REQUIRED ACTION:
Please restate every line below exactly, without any pictures.

DATA EXTRACT:
++++++
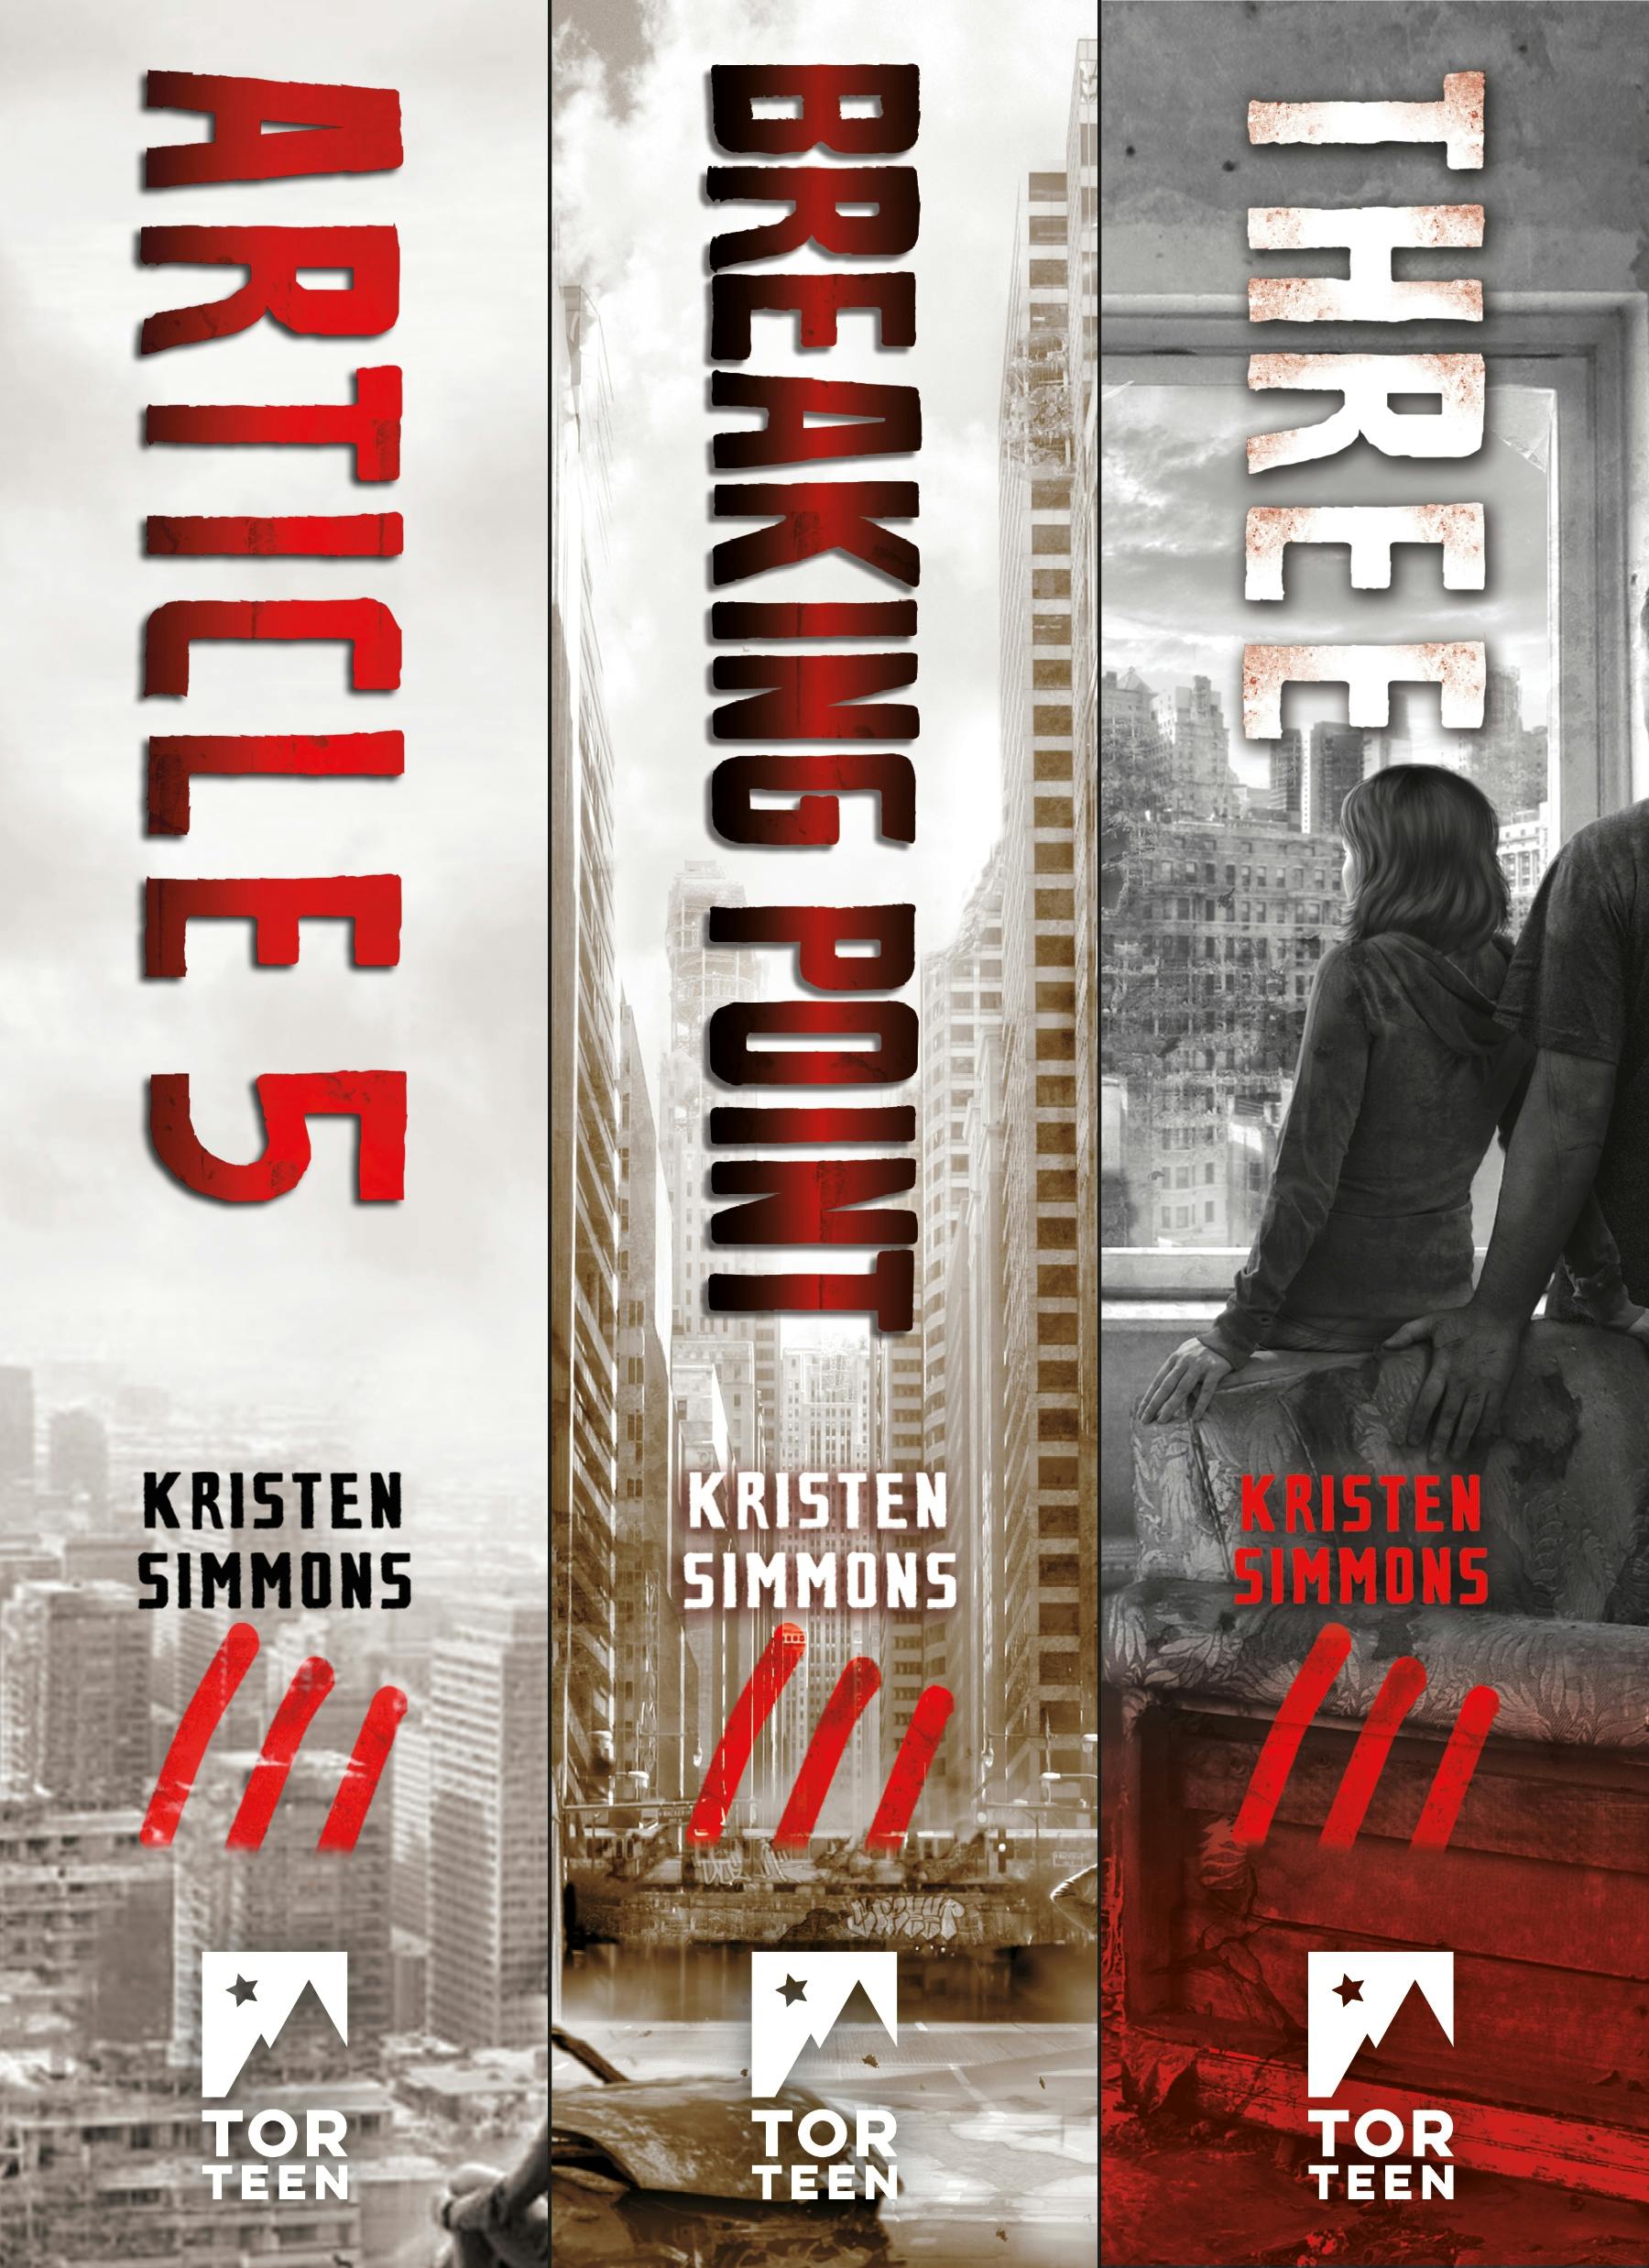 Cover for the book titled as: The Complete Article 5 Trilogy
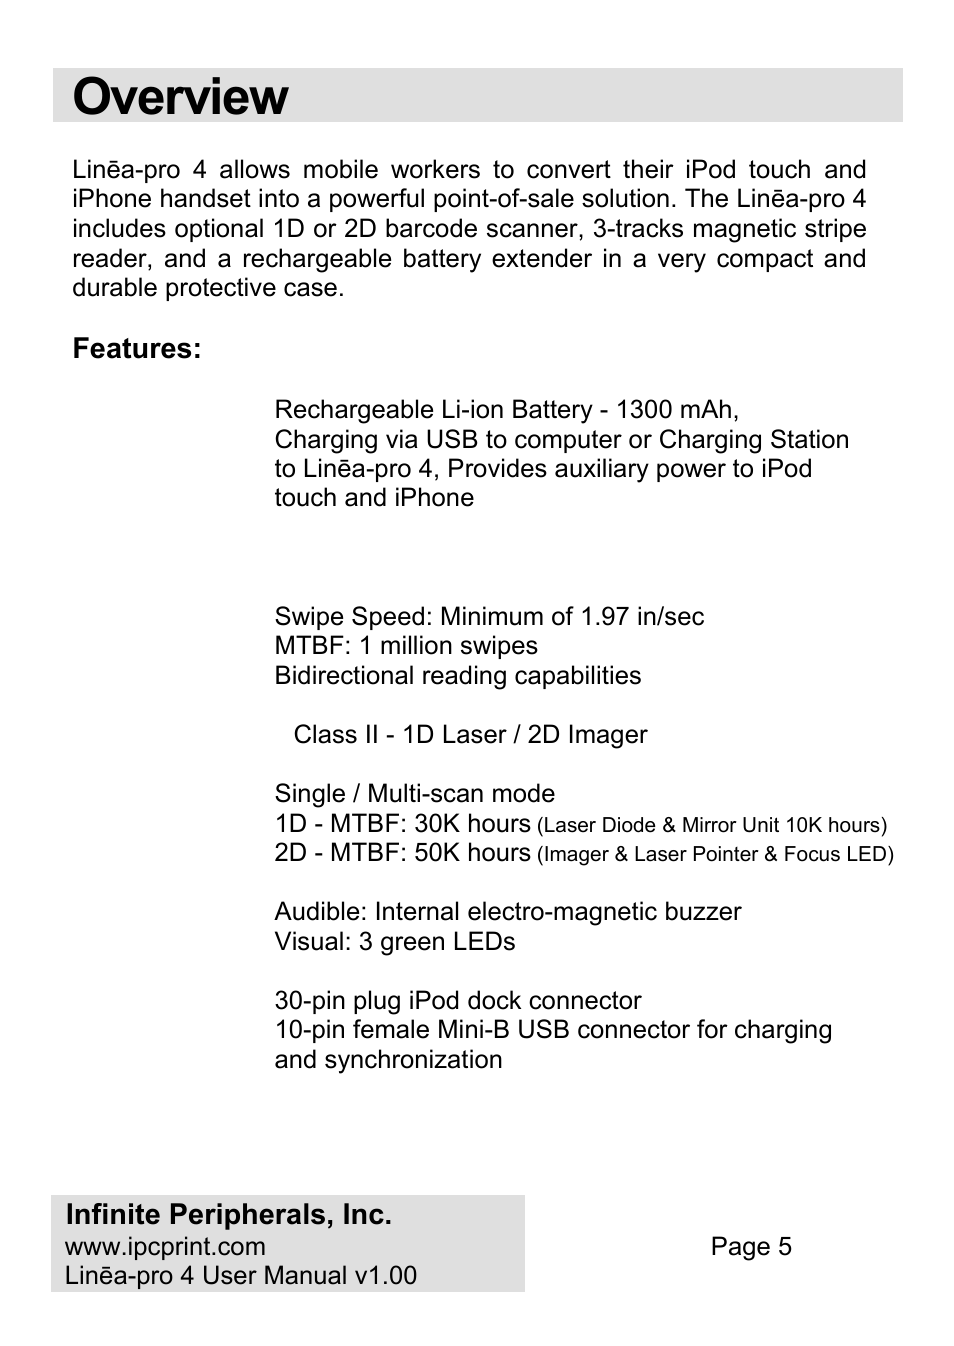 Overview | Infinite Peripherals PRO 4 User Manual | Page 5 / 24
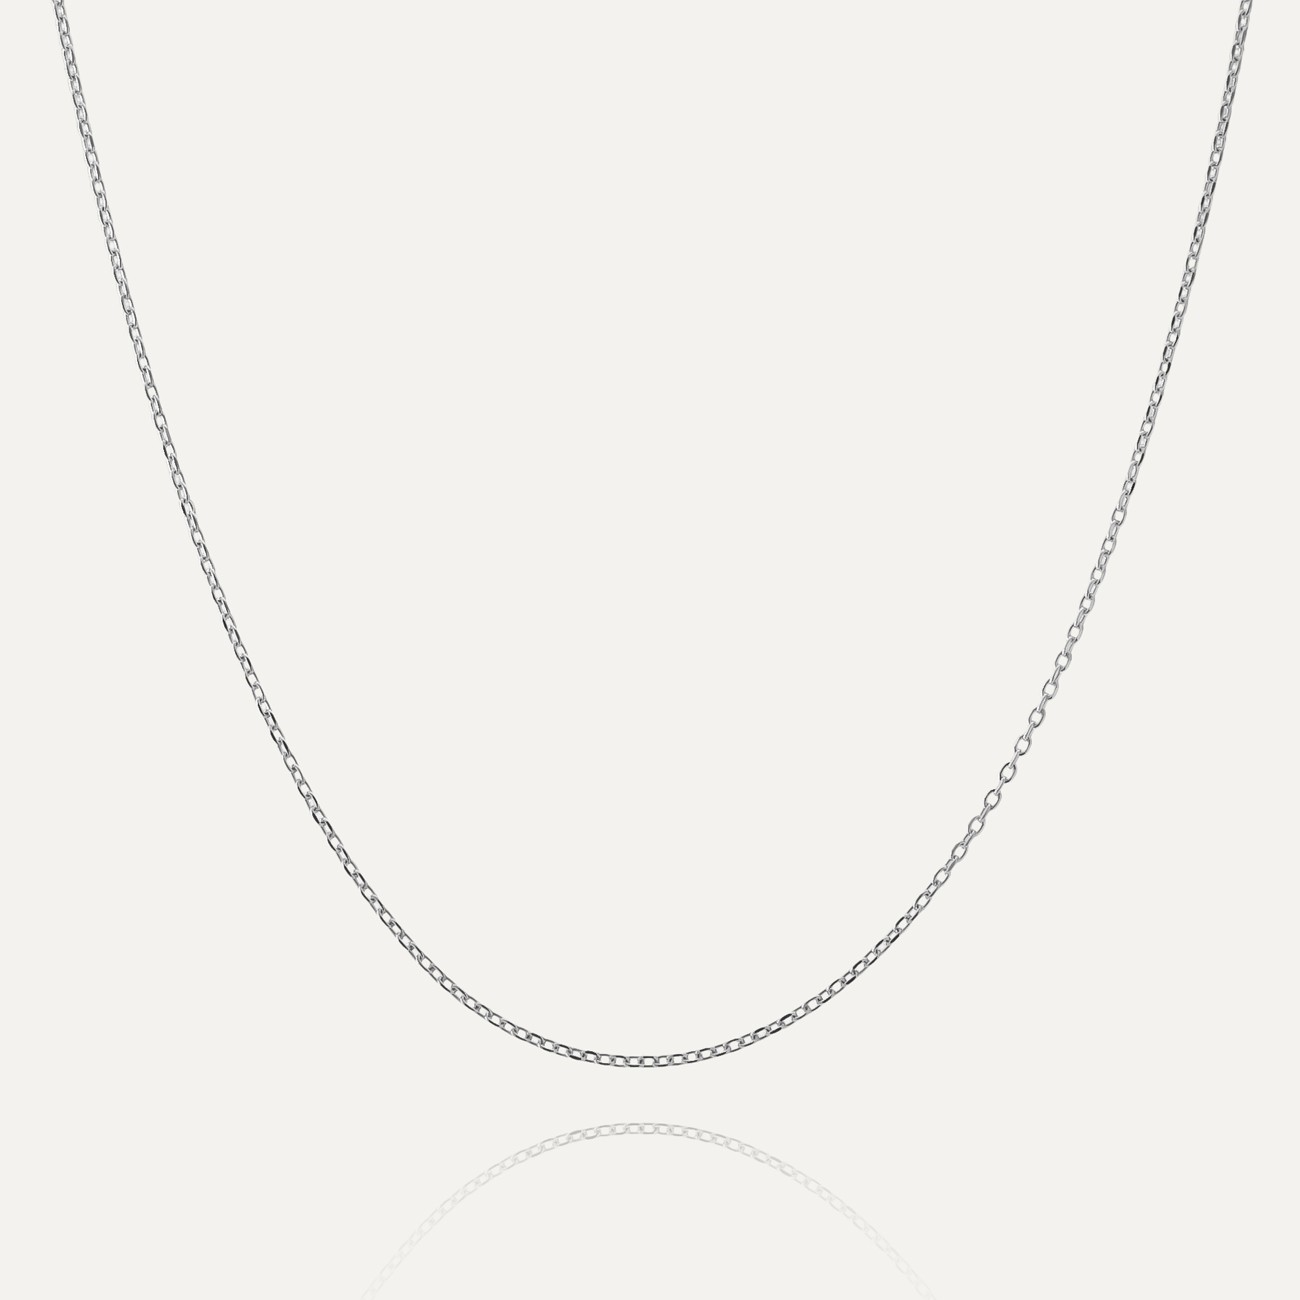 LIGHT SILVER NECKLACE 55 CM, RHODIUM PLATED
++++++
SOLUTION TO THIS TASK:
 Cover for the book titled as: The Complete Article 5 Trilogy
 Overview | Infinite Peripherals PRO 4 User Manual | Page 5 / 24
 LIGHT SILVER NECKLACE 55 CM, RHODIUM PLATED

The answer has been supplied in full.